# Another Steel Colnago is finished......



## Anthony (Jan 2, 2006)

well thanks for all who helped with the paint chip issue and others. I finally finished my dream bike and it is ready to roll. this is the lx10 and I tried to go as classic as I could. The only carbon on this 10 speed bike is the bar and stem and seat rails. The weather this weekend may hit above 0 so may actually get it outside and off the rollers. I always regretted selling my Crystal years ago so it is a long awaited reunion with the Colnago family. Ciao 4 now and thanks for the inspiration. Anthony


----------



## fabsroman (Jul 14, 2006)

Nice looking bike. Now, it just makes me want to go out and buy one too.
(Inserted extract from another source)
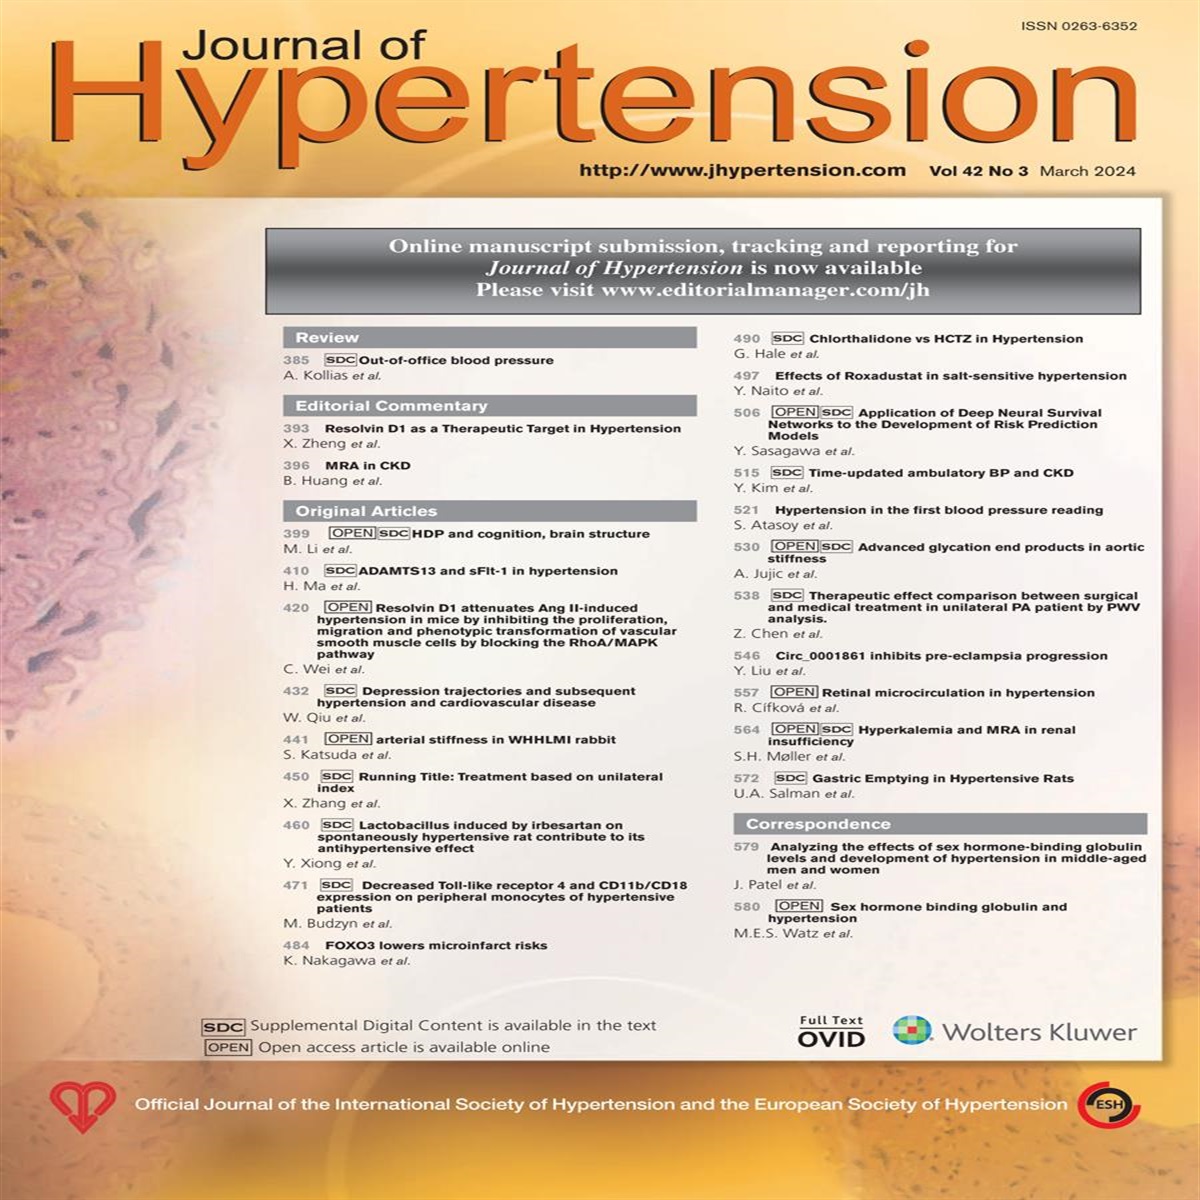 Analyzing the effects of sex hormone-binding globulin levels and development of hypertension in middle-aged men and women

My wife is going to kill me.


----------



## FTR (Sep 20, 2006)

Very nice.
I will have to look up your paint chip threads when I get mine next week.
Mine has a couple that I will definitely want to sort out including a ding in the top of the top tube that I wont be able to stand looking at.


----------



## iyeoh (Jan 6, 2005)

So beautiful!!


----------



## Anthony (Jan 2, 2006)

*Here is the before & after.*

I used model paint from a hobby shop and it matched up pretty damn close actually, I would'nt have minded so much if not for my own stuoid rookie mistake.


----------



## FTR (Sep 20, 2006)

Good job.
Mine is a little more tricky as it is dented and chipped.


----------



## ETWN Stu (Feb 15, 2007)

WOW nice work. you could set up your own business fixing paint chips!! you also have carbon forks too


----------



## Anthony (Jan 2, 2006)

yes true carbon forks but non carbon steerer


----------



## ETWN Stu (Feb 15, 2007)

I like it!!!


----------